Making sense of the sedra: Yitro
Personal relationships foster love and connection
In the challenging financial times in which we live there is an increasing emphasis on personal relationships. This is not a product or a service that people buy into, it is interconnectedness, and the feeling of trust that it comes together with it. Anyone who has waited many long minutes to get an appointment will appreciate the importance of that connection on the other end of the line, as opposed to grating elevator music.
With this in mind, this week in parashat Yitro we read the first and only public revelation of God to an entire people, when Hashem presented the Jewish people with the Ten Commandments. The first of these is: “I am the Lord your God who took you out of Egypt, from the house of slaves.” This announcement was more than acknowledging a higher being. It proclaimed that there was a God who intervened through the metaphysical wall to touch the lives of his people, Israel saving them from the clutches of Egypt. It expressed an intimate relationship between the ineffable unknowable being, and the mortal and fallible.
Once the Jews at Sinai heard this first commandment, the ones that followed were not just instructions to be followed, but rather keys to continuing the relationship between the omnipotent and humanity. “You should not have any other gods besides me,” emphasises the exclusivity of the relationship. There is no substitute for what was offered at that moment – no protection, no care that could begin to compare to the God who expresses himself through the salvation of the Jewish people.

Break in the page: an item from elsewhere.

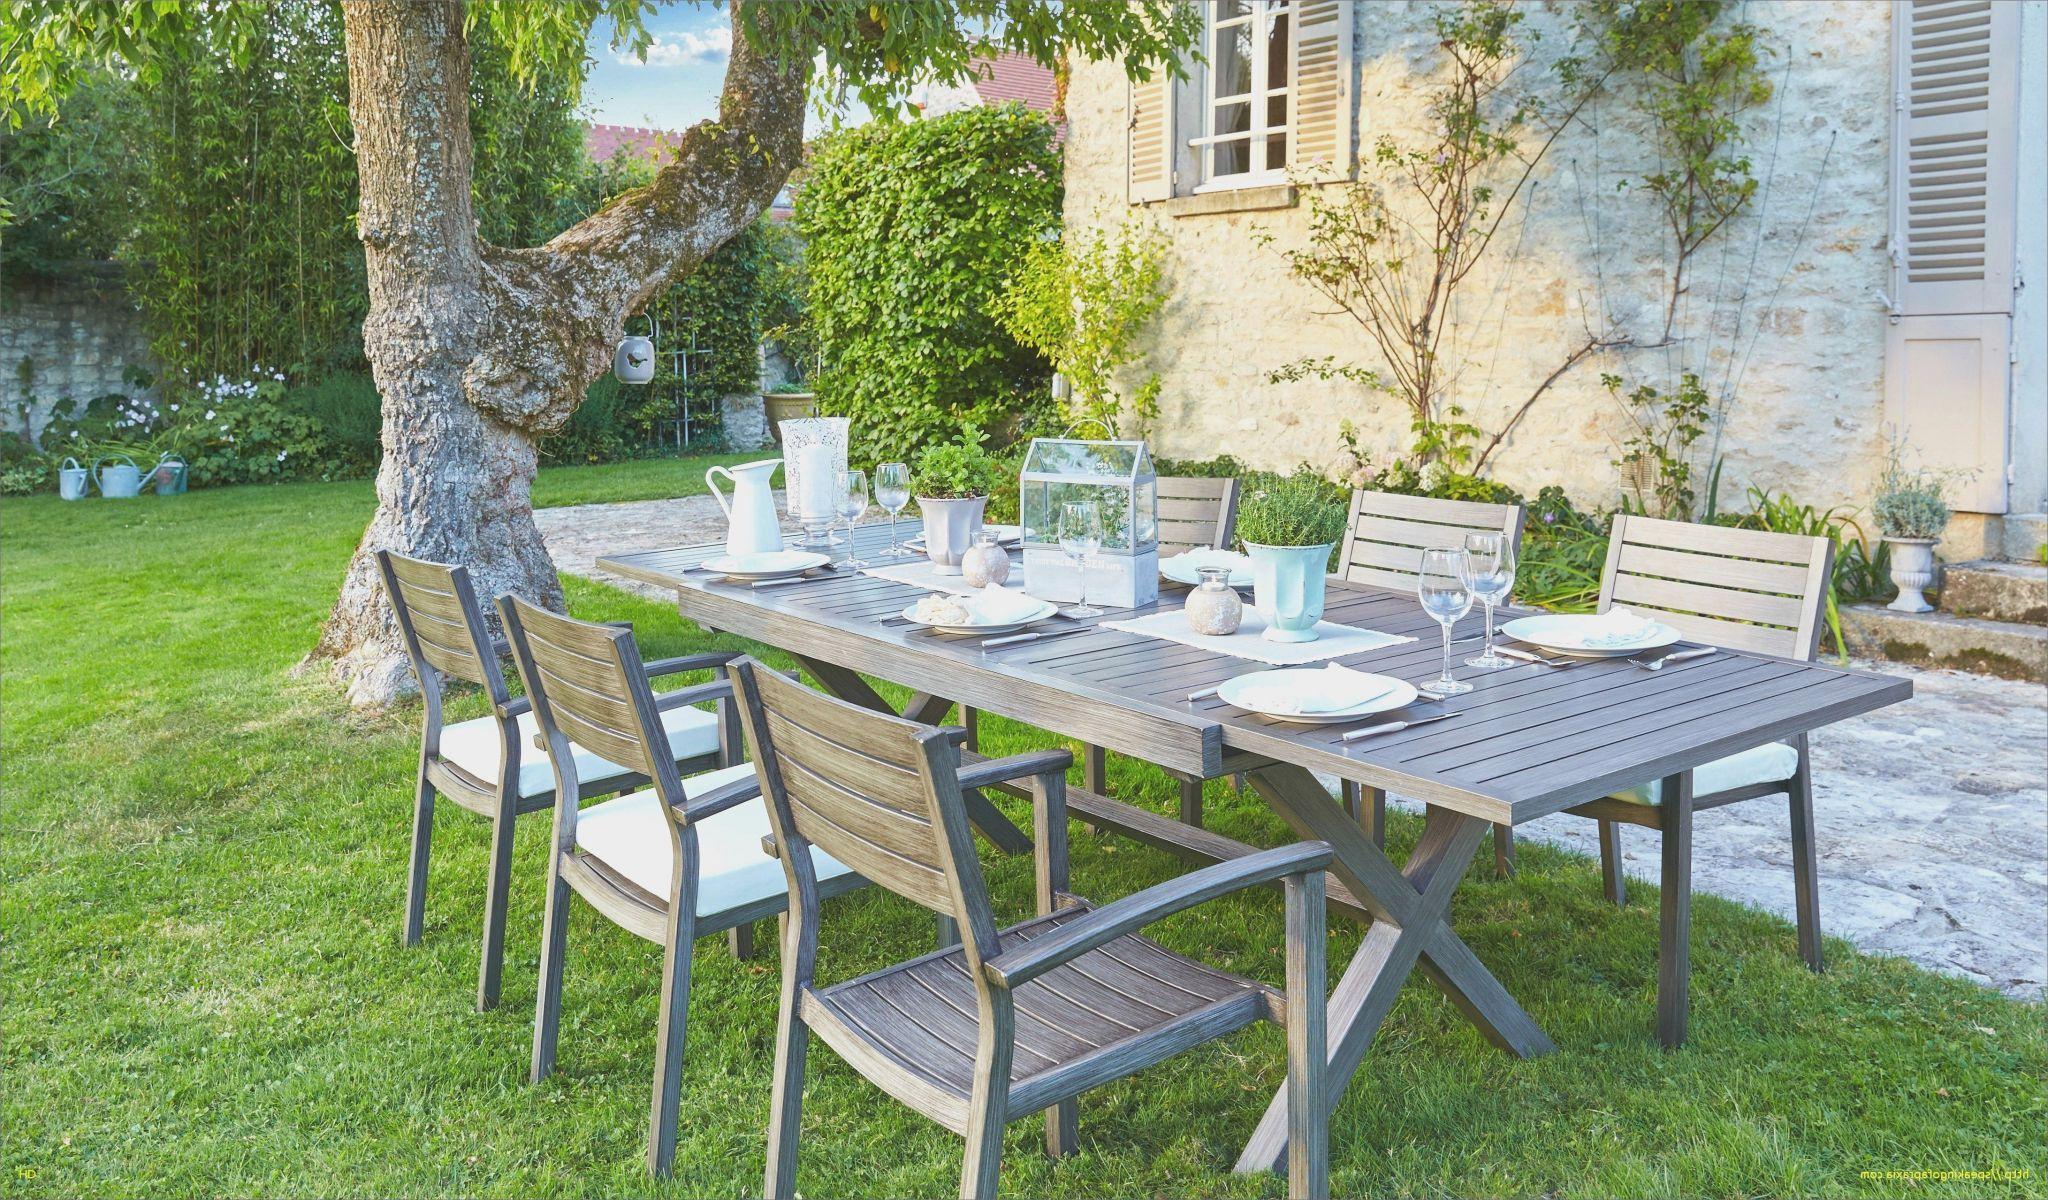 Tonnelle De Jardin Conforama | Outdoor Furniture Sets ... intérieur Ensemble Jardin Carrefour

The word for Egypt is Mitzrayim, which is an amalgamation of two words – meitzar, meaning a narrow place, and yam, the bitterness of the sea. Put together, Egypt tells us that the essence of slavery is constriction of potential, the sucking out of creativity, which leads to bitterness and despair. The first commandment tells us that the key to our freedom lies in unleashing our creativity and potential. Any release of potential within the human realm is finite, and subject to the laws of entropy. The commandments, understanding their depths and fulfilling them provides the path to infinite potential and possibility – after all, God has no limits or boundaries that constrain him, and when we connect, we release the potential that has always been innate within ourselves. “I am the Lord your God” – infinite, timeless, and not subject to any flaw, and through your connection to him, you have the potential to leave your house of bondage and anything that limits your potential to grow and develop in your lives.
This personal relationship is not only a promise to the generation who experienced leaving Egypt, but your journey and my journey as well.

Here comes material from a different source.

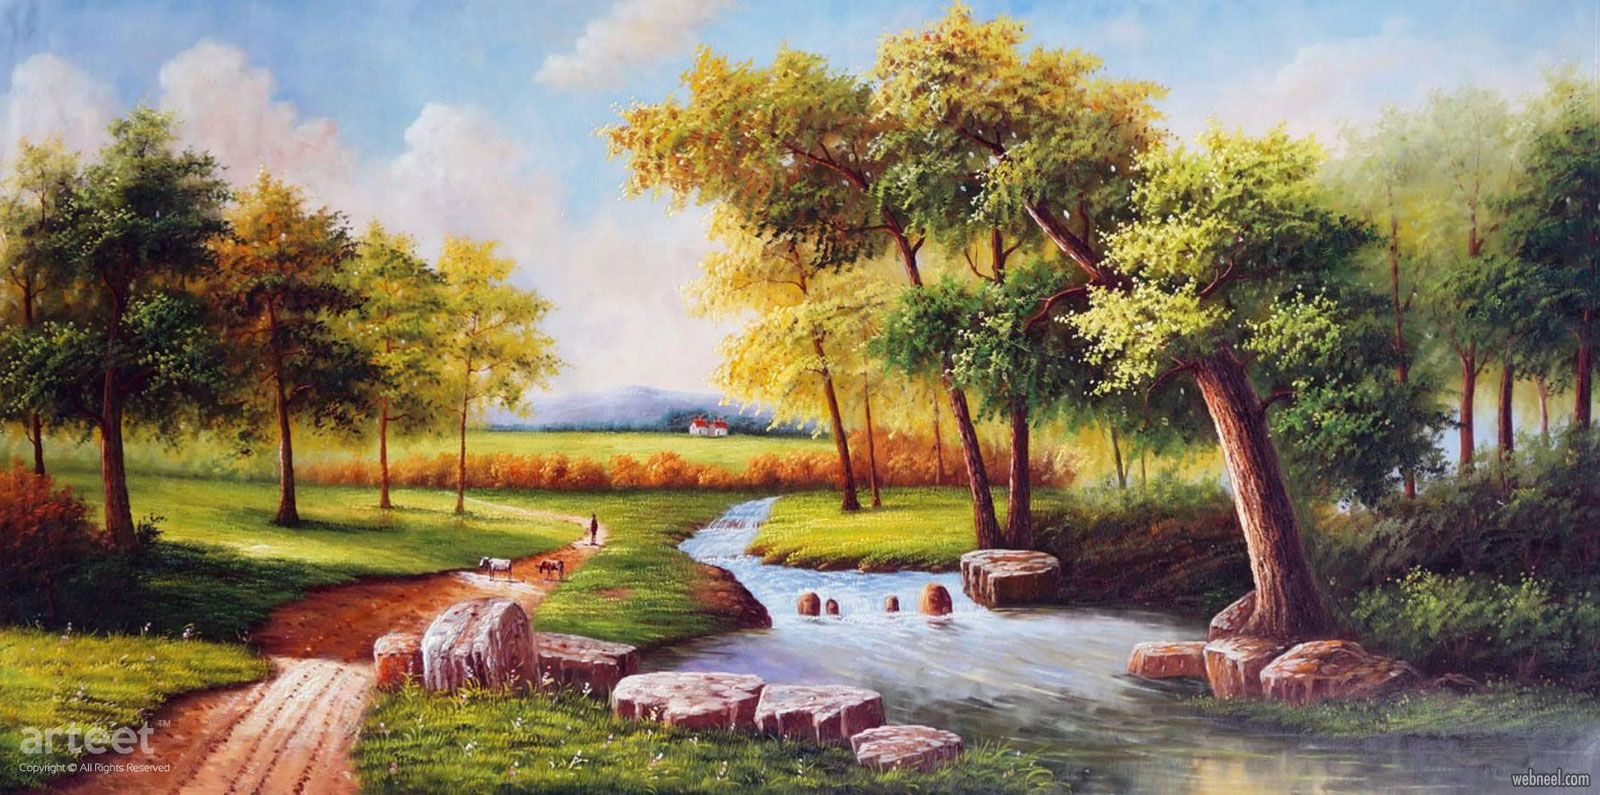 landscape artwork oil painting scenery by arteet

We have lived through difficult times over the past few years. The atrocities of October 7, the antisemitism that runs through the streets of London, the horror of Manchester. There are many reasons to feel despair. The first of the Ten Commandments reminds us of that human customer connection – the love and the personal connection that are expressed in “I am the Lord who took you out of Egypt.” Not only the exodus from Egypt, but every generation from that day to ours. Perhaps it is for this reason that we are told to remember the Exodus.